Goal: Configure a virtual AP network with 802.11r to allow testing fast transition (FT) clients.

Configure virtual Access Points to use 802.11r with FT-EAP. This example uses a LANforge CT523 system but the procedure will work on all CT522, CT523 and CT525 multi-radio systems.

The wifi clients under test are also 802.11r enabled so that they can initiate FT Requests and roam. Here we are using another LANforge WiFire as the system under test to emulate 802.11r stations and force them to roam.

In LANforge, each virtual access point will be running its own hostapd process configured to enable 802.11r and bridged to other virtual access points. The bridged VAP network will emulate the Distributed System (DS) for FT over-the-DS roaming.
 
  1. Setup a single virtual access point on each wifi NIC for at least two NICs and configure them for the same channel and SSID.
    1. Go to the Port Manager tab, select the parent device such as wiphy0, click Modify, set a specific channel/frequency. Repeat for wiphy1.
    2. Select wiphy0, click Create, fill out appropriate information and create a virtual access point. Repeat for wiphy1.
    3. The new vap should appear in the Port-Mgr table. Double-click to modify. Configure SSID and select WPA2 but do not fill in the Key/Phrase: screenshot
    4. Select the Advanced Configuration tab in the Port-Modify window and check the box Advanced/802.1x and fill in the RADIUS IP/Port/Secret. Here the RADIUS server will be another instance of hostapd configured on a bridge interface and accessible via localhost. screenshot
    5. Select the Custom WiFi tab in the Port-Modify window to fill in the additional hostapd options to enable and configure 802.11r. These lines will be appended to the end of the LANforge generated hostapd configuration file located in /home/lanforge/wifi of the resource in use.
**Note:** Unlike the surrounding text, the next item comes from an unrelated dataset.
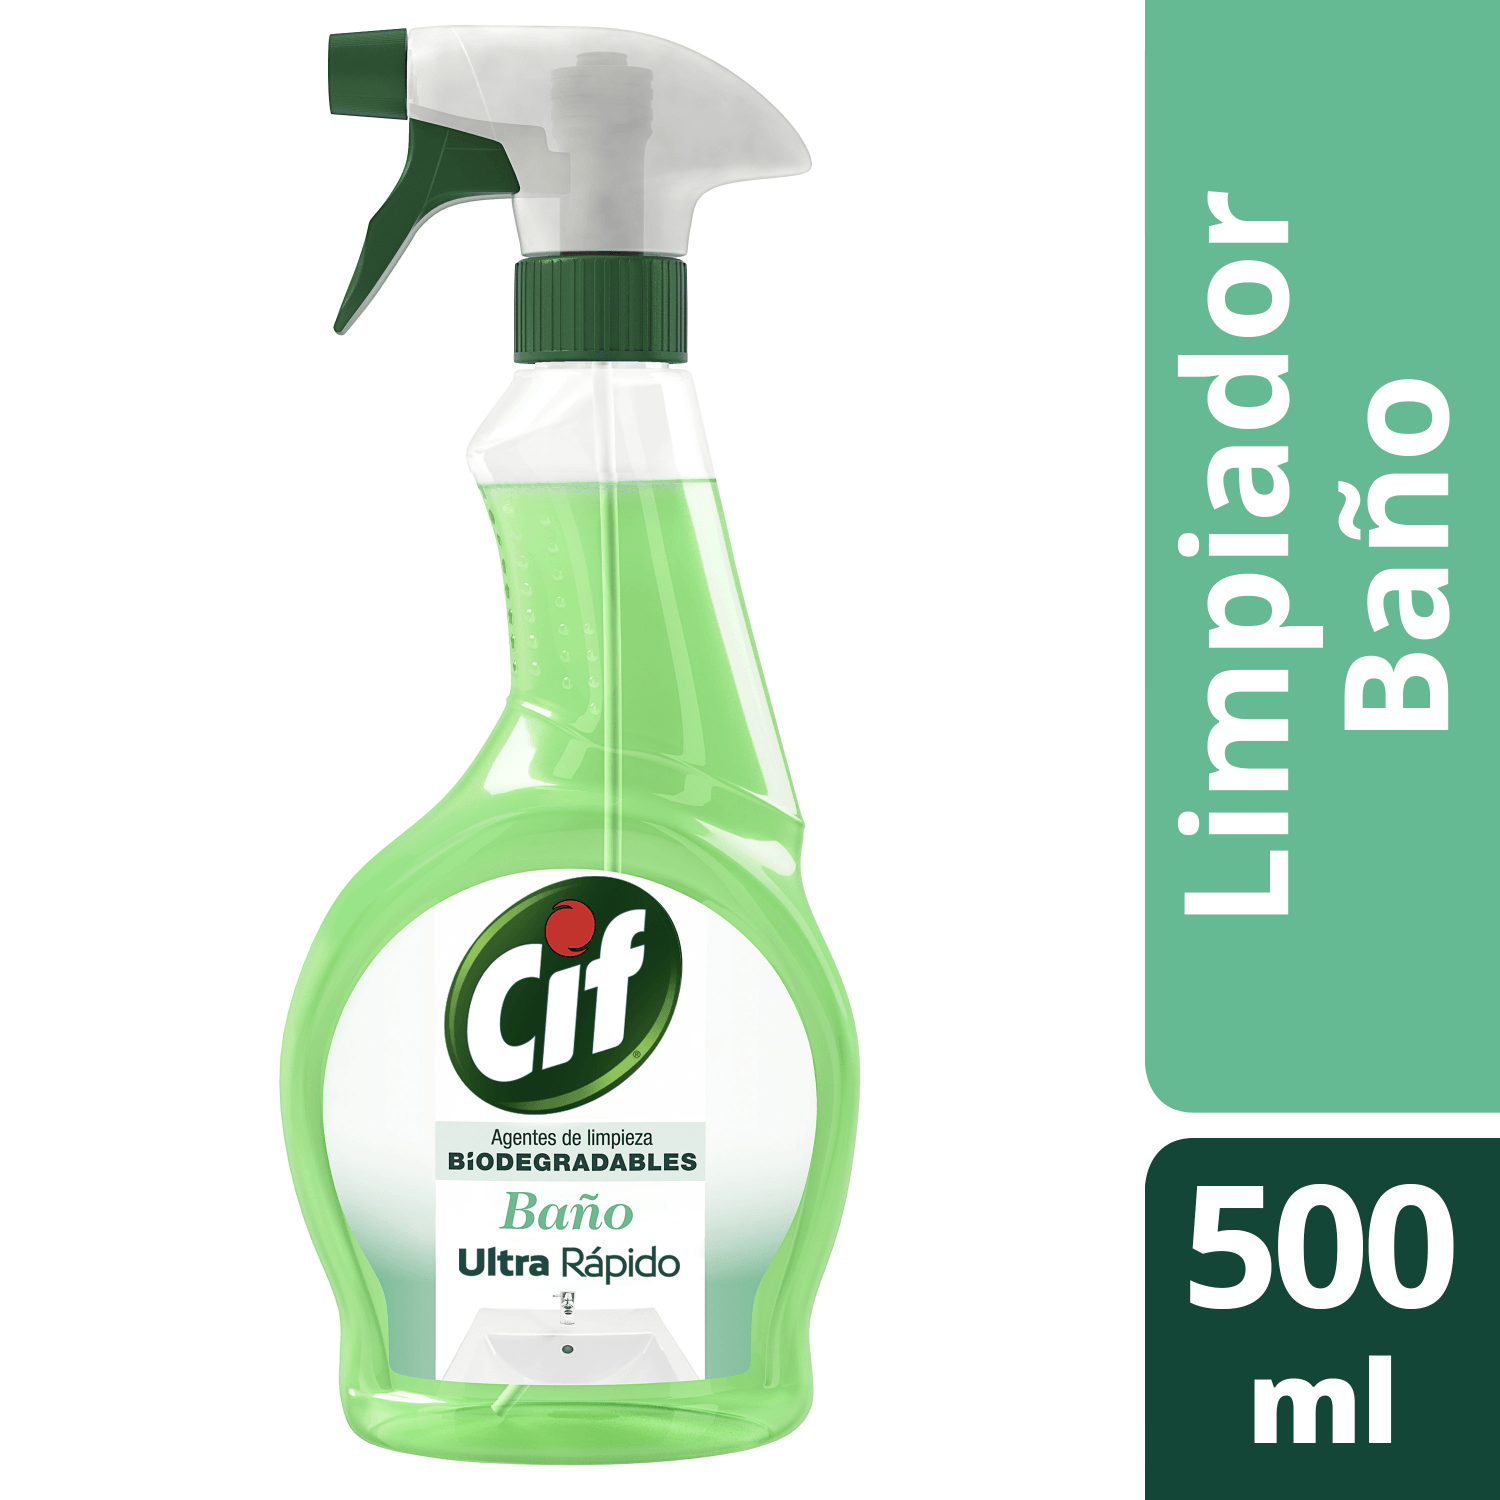 https://jumbo.vtexassets.com/arquivos/ids/446778/Limpiador-ba%C3%B1o-biodegradable-gatillo-500-ml.jpg?v=637630984349670000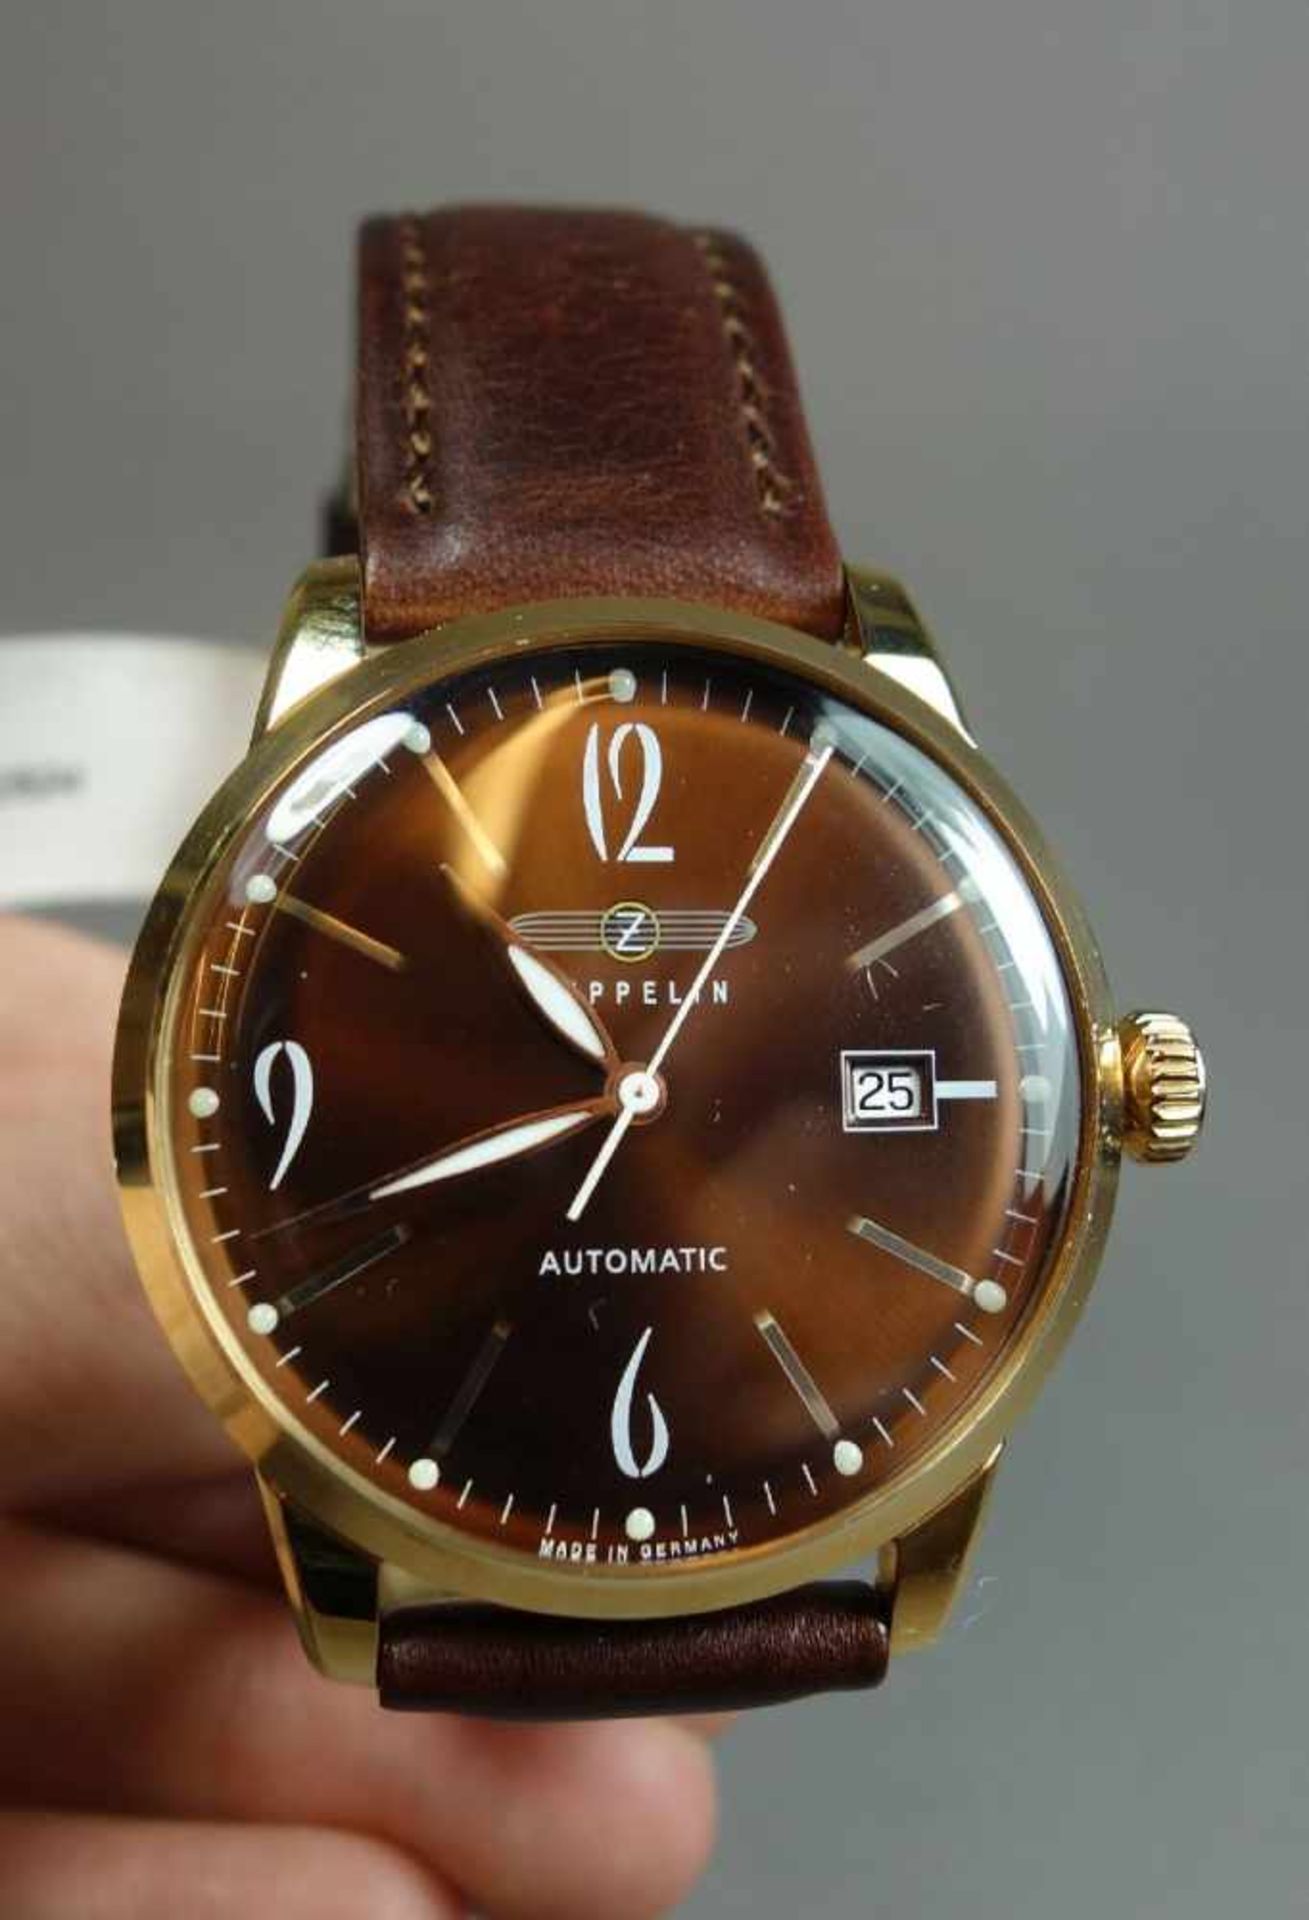 ZEPPELIN ARMBANDUHR / wristwatch, Automatik-Uhr, Manufaktur Point tec Electronic GmbH / Deutschland. - Image 2 of 7

      vap1 00:0e:8e:7e:e2:71 - Your MAC will be different.
      wpa_key_mgmt=FT-EAP
ft_over_ds=1
nas_identifier=000e8e7ee271   #vap1 MAC without colon delimiters, yours will differ.
mobility_domain=a1a1
r0_key_lifetime=10000
r1_key_holder=000e8e7ee271   #vap1 MAC without colon delimiters, yours will differ.
reassociation_deadline=1000
pmk_r1_push=1

#r0kh is vap2 MAC address, vap2 nas identifier, AES key
r0kh=00:0e:8e:cb:fc:48 000e8ecbfc48 000102030405060708090a0b0c0d0e0f

#r1kh is vap2 MAC address, vap2 r1 key holder MAC, AES key
r1kh=00:0e:8e:cb:fc:48 00:0e:8e:cb:fc:48 0f0e0d0c0b0a09080706050403020100
      full configuration file: hostapd_vap1.conf

      vap2 00:0e:8e:cb:fc:48 - Your MAC will be different.
      wpa_key_mgmt=FT-EAP
ft_over_ds=1
nas_identifier=000e8ecbfc48   #vap2 MAC without colon delimeters, yours will differ.
mobility_domain=a1a1
r0_key_lifetime=10000
r1_key_holder=000e8ecbfc48   #vap2 MAC without colon delimeters, yours will differ.
reassociation_deadline=1000
pmk_r1_push=1

#r0kh is vap1 MAC address, vap1 nas identifier, AES key
r0kh=00:0e:8e:7e:e2:71 000e8e7ee271 0f0e0d0c0b0a09080706050403020100

#r1kh is vap1 MAC address, vap1 r1 key holder MAC, AES key
r1kh=00:0e:8e:7e:e2:71 00:0e:8e:7e:e2:71 000102030405060708090a0b0c0d0e0f
      full configuration file: hostapd_vap2.conf

      If you wanted to add FT-PSK capability, add the following to the hostapd configuration file:
      wpa_key_mgt=FT-EAP FT-PSK
wpa_passphrase=1234567890

      In this example, we are configuring push mode key distribution where the master key holder, R0KH, derives the R1 key for all secondary key holders, R1KH, listed in the configuration file and sends it to them over the DS via bridge interfaces. The R0KH and R1KH entries must be configured for all virtual access points in the 802.11r network.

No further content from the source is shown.